_Task prompt_.
Pictures are to be left out; every line from the one with "PedalGlamour@JoinvilleAgain-21" through the end of the data must be transcribed exactly.
[Supplied data Boundary: Start]
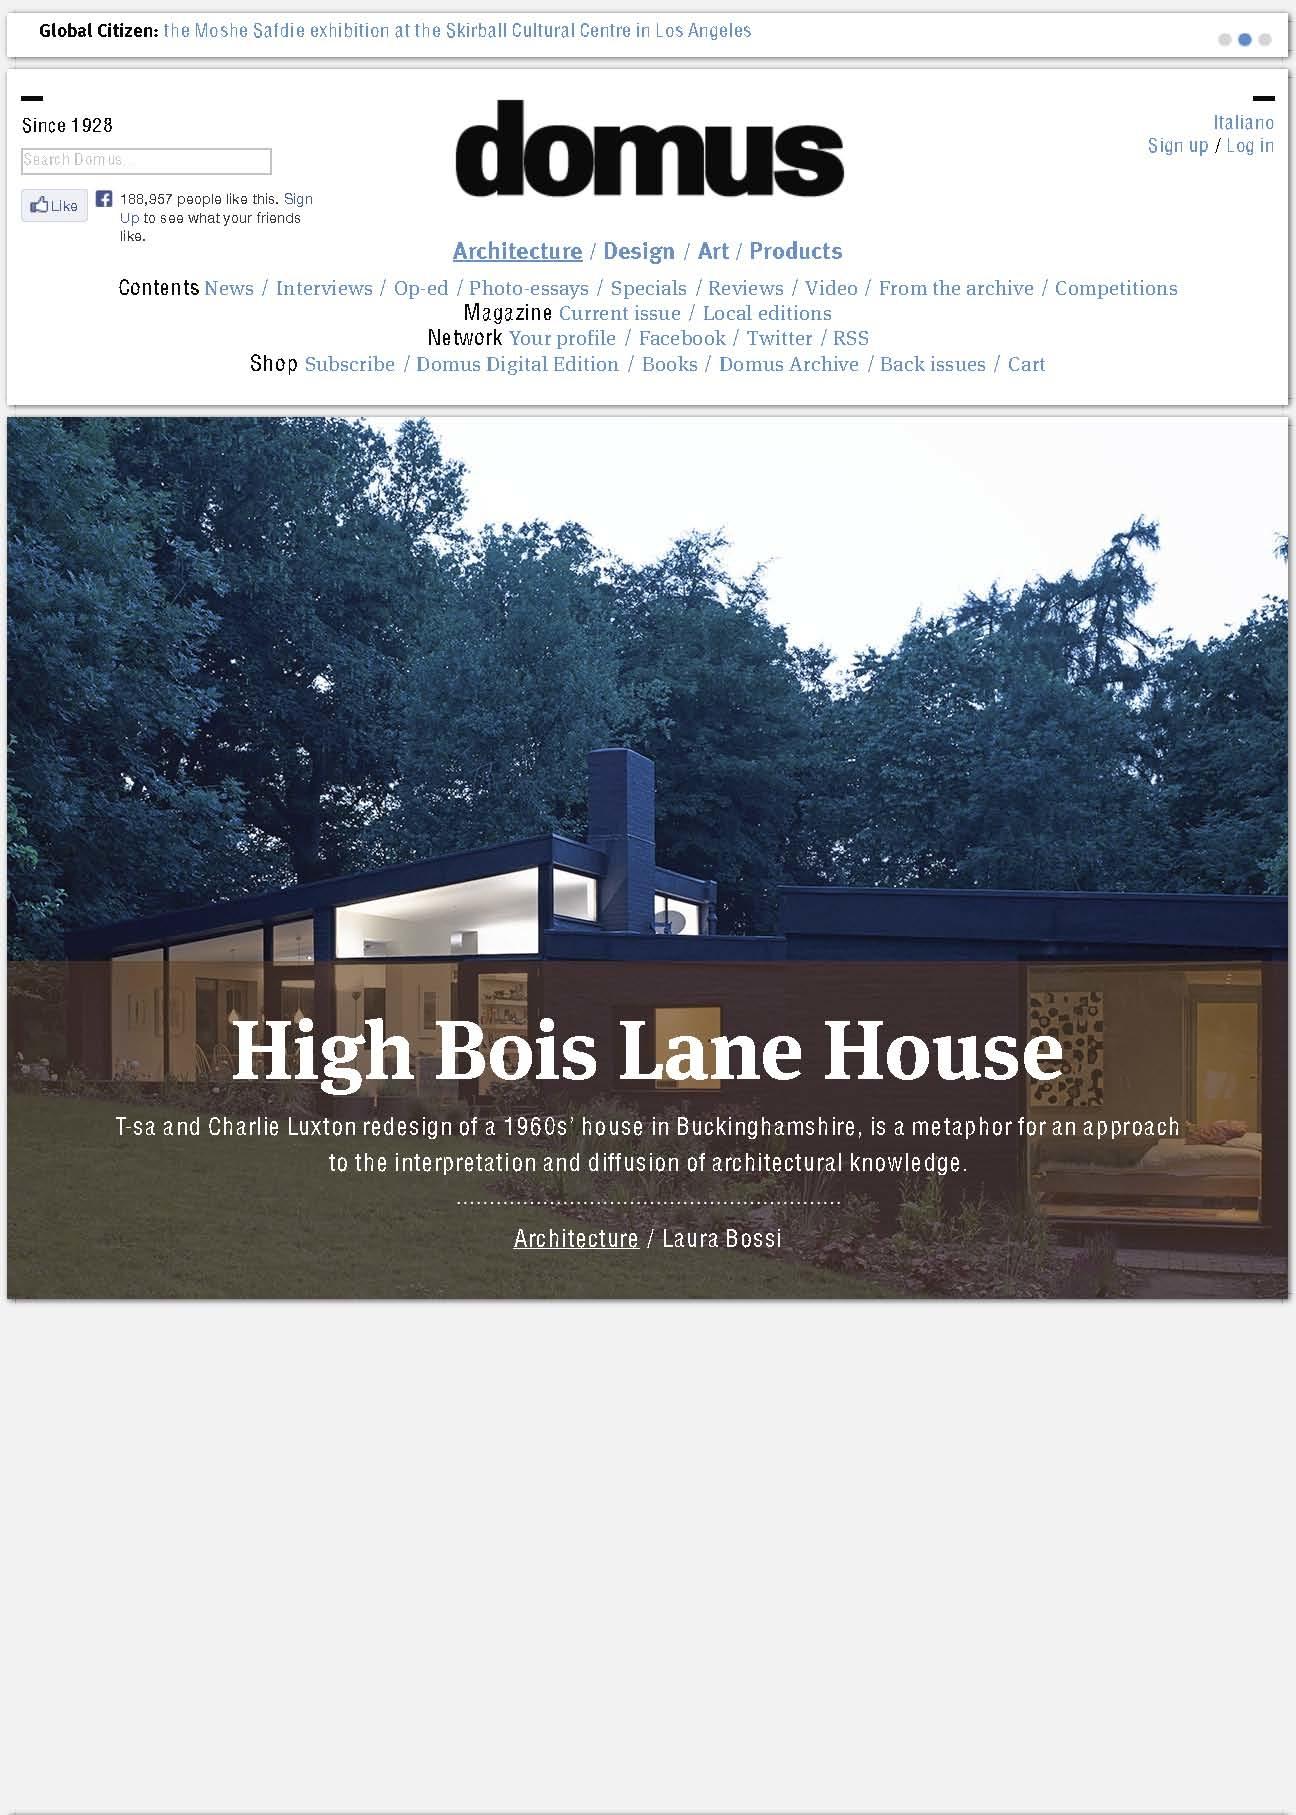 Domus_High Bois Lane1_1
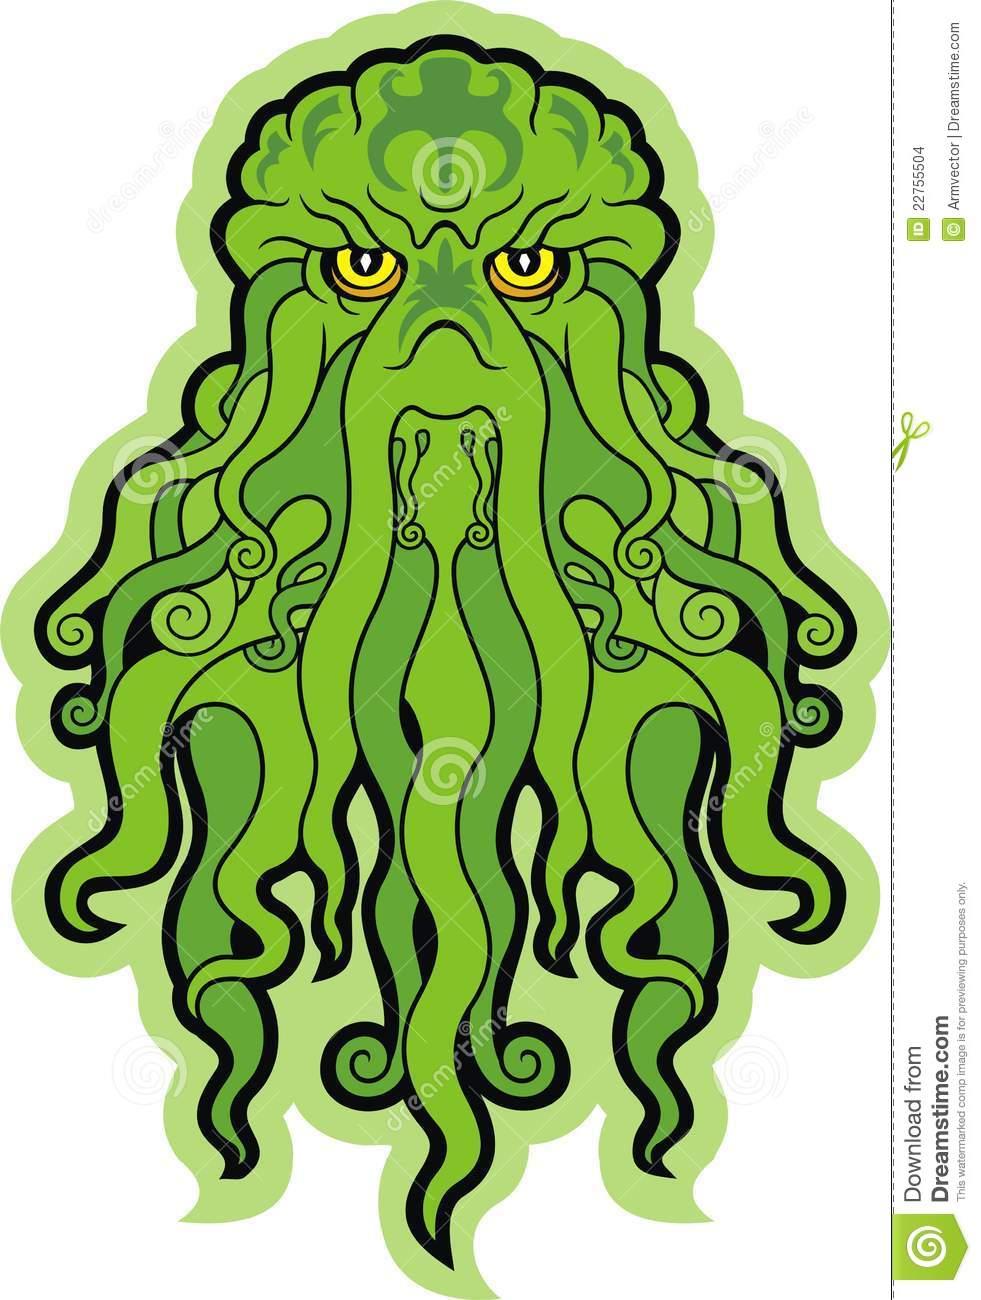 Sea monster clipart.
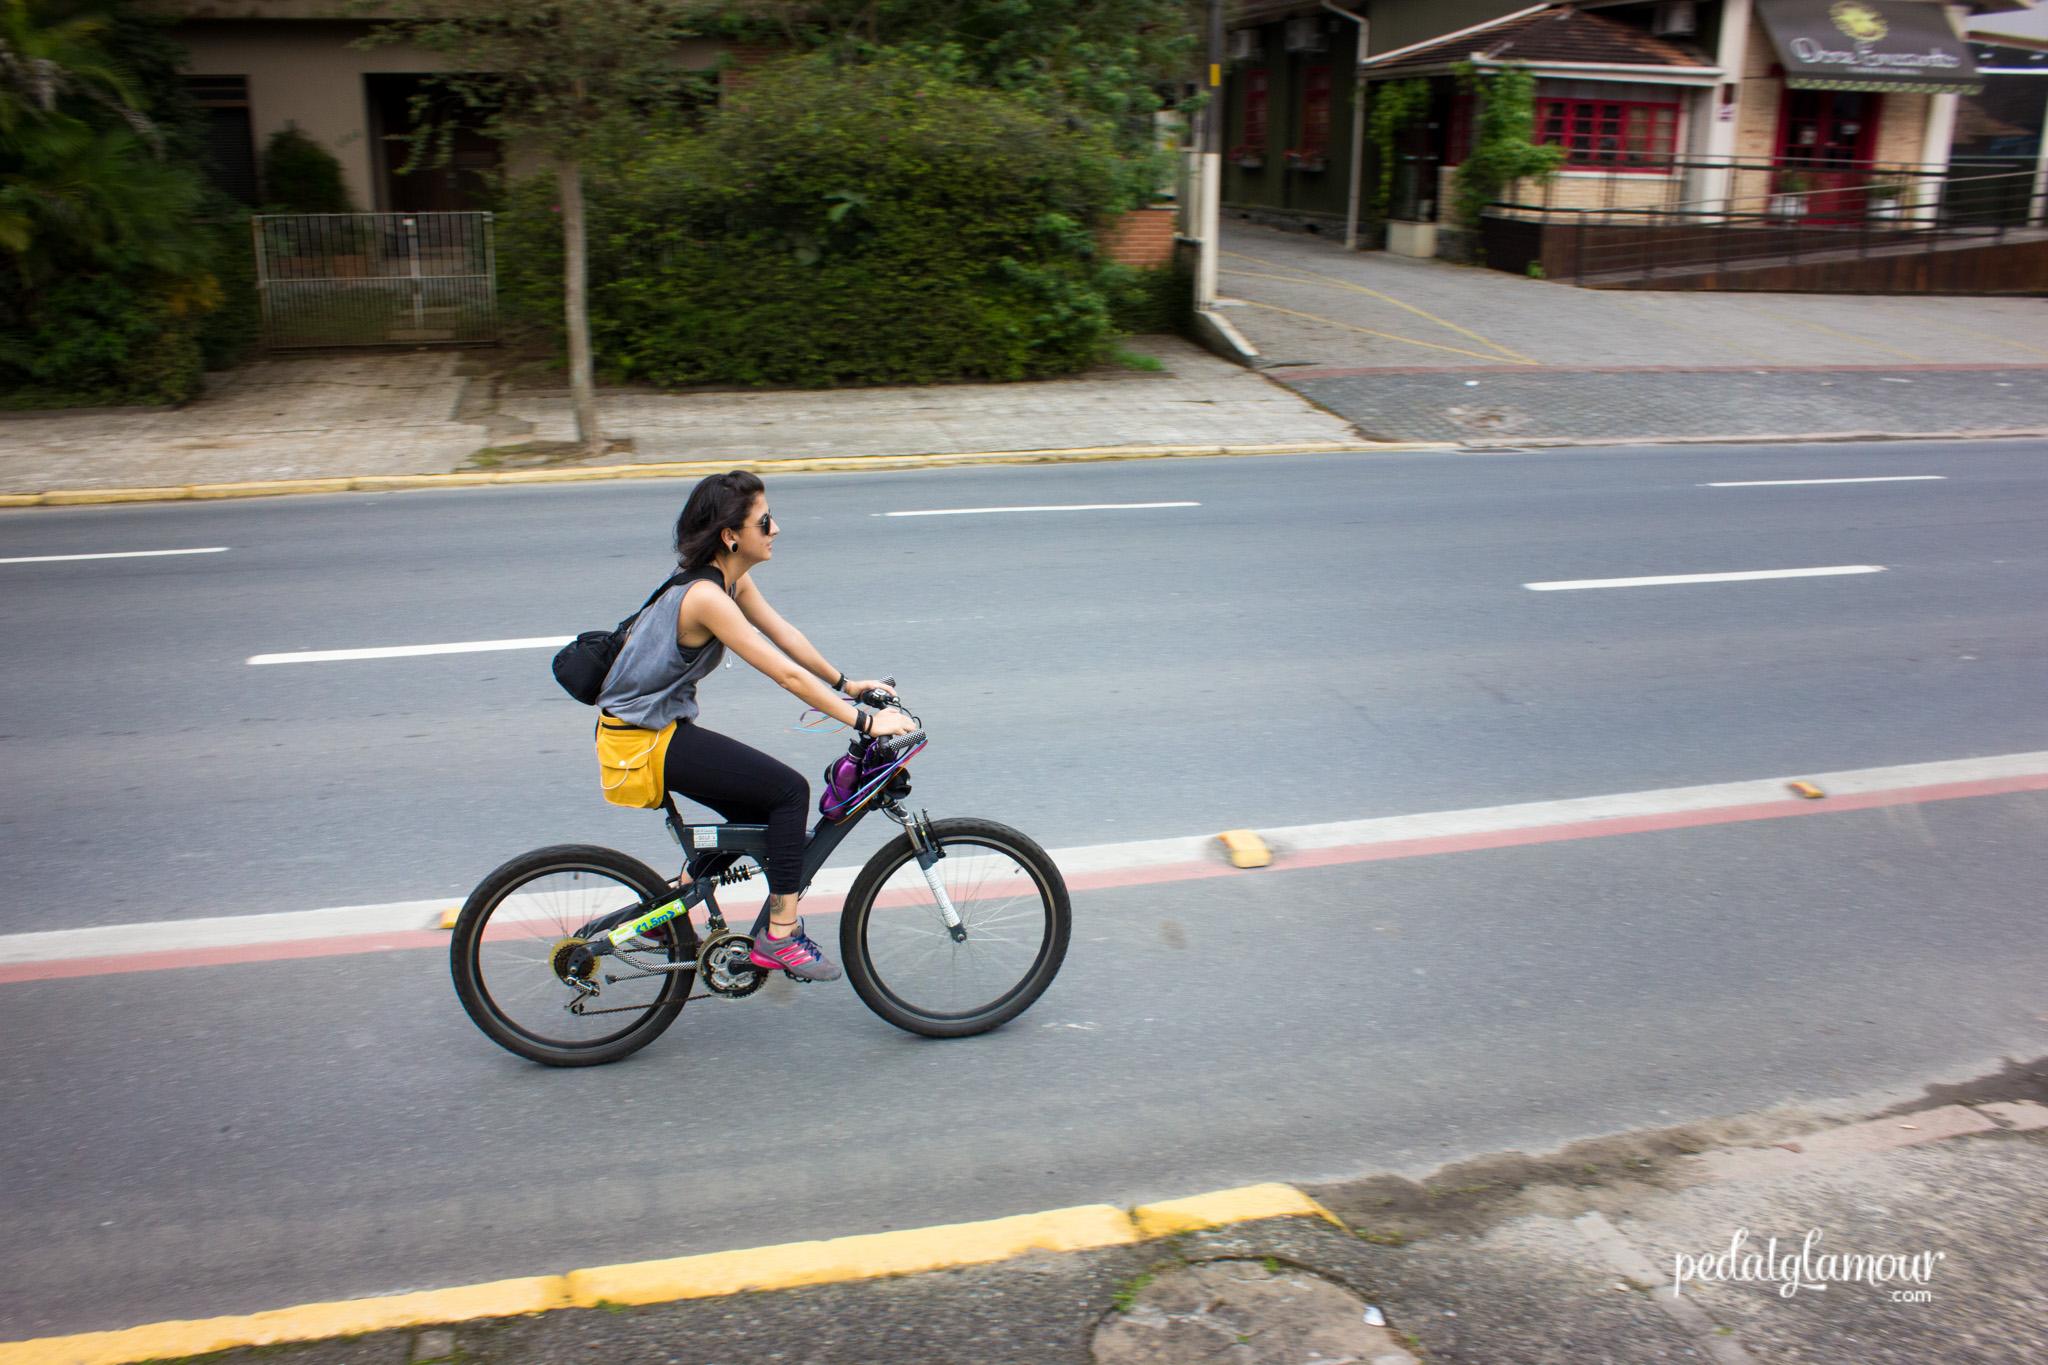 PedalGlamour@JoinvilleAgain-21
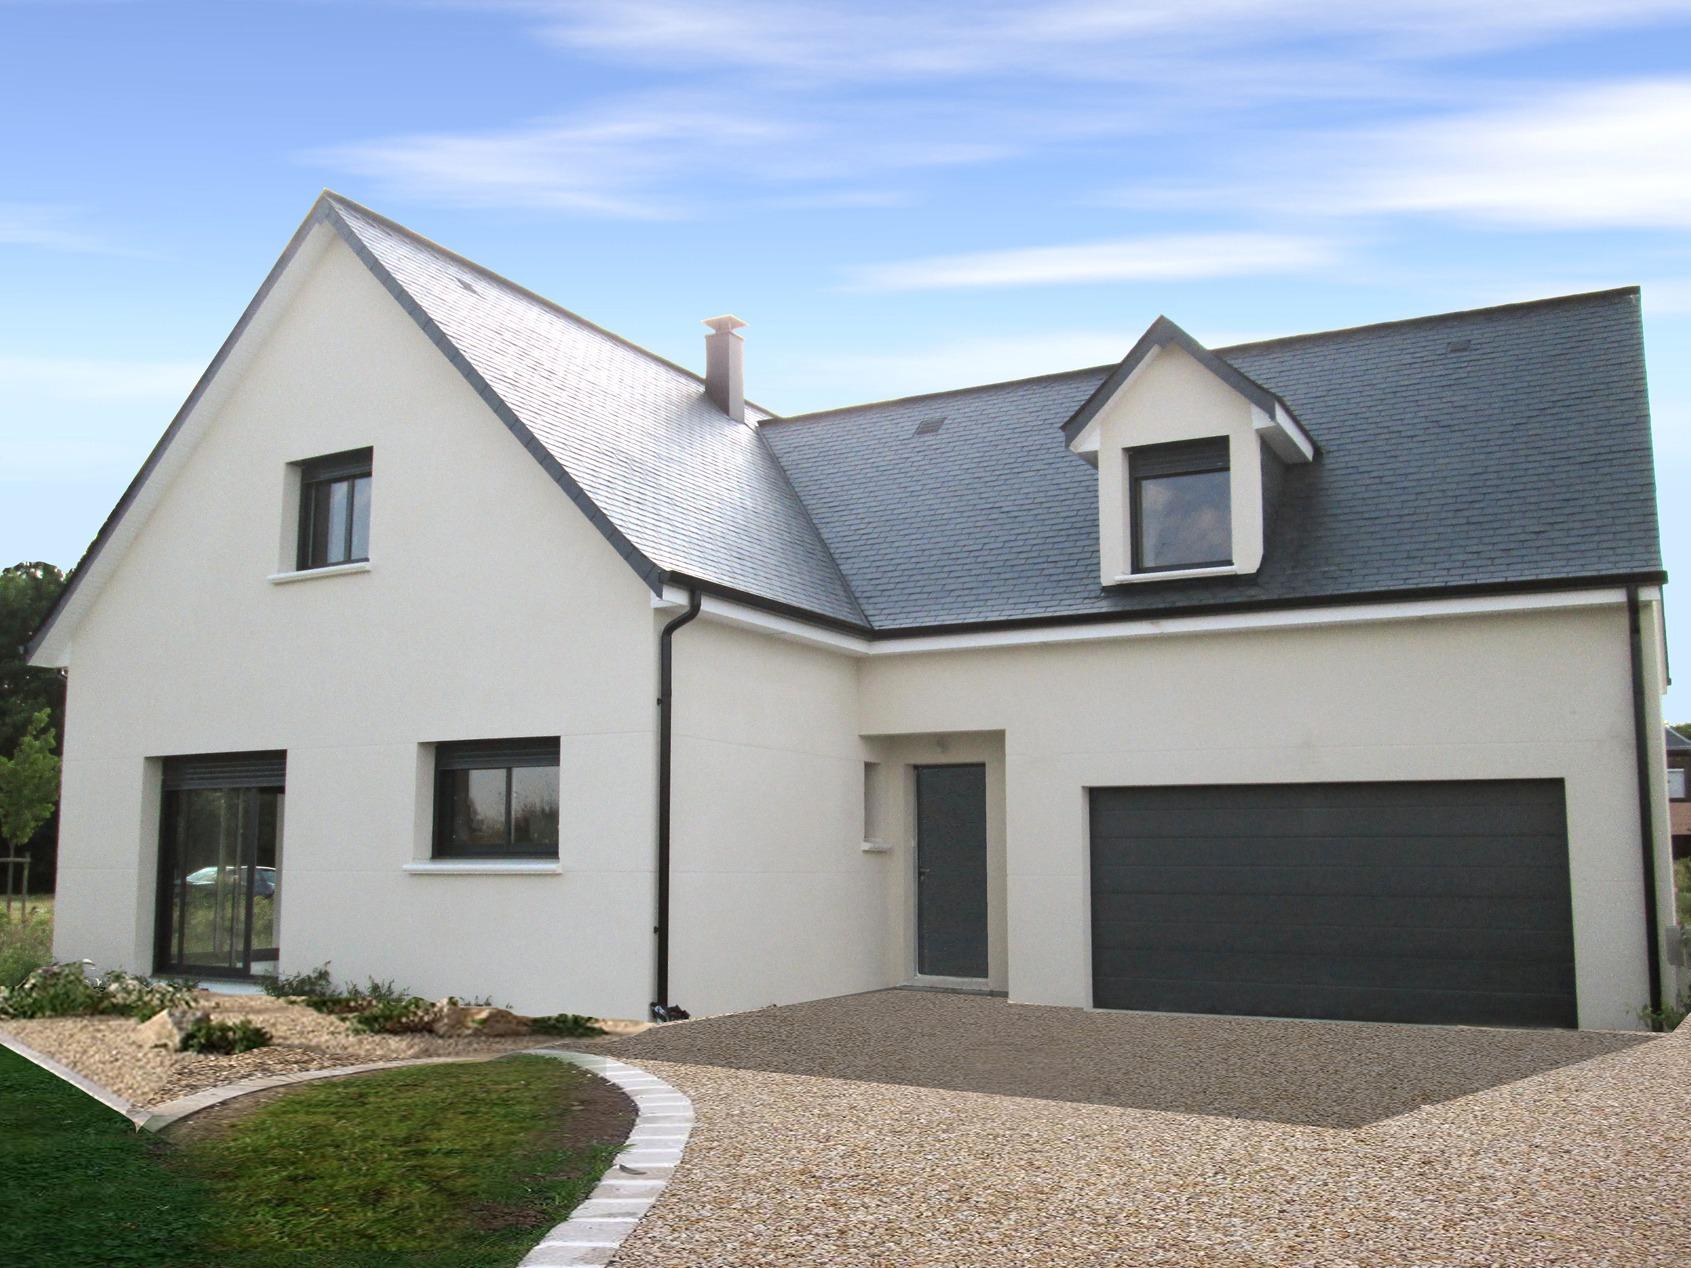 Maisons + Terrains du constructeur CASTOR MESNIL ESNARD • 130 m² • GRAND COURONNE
[Supplied data Boundary: End]
_Written answer_.
 PedalGlamour@JoinvilleAgain-21
 Maisons + Terrains du constructeur CASTOR MESNIL ESNARD • 130 m² • GRAND COURONNE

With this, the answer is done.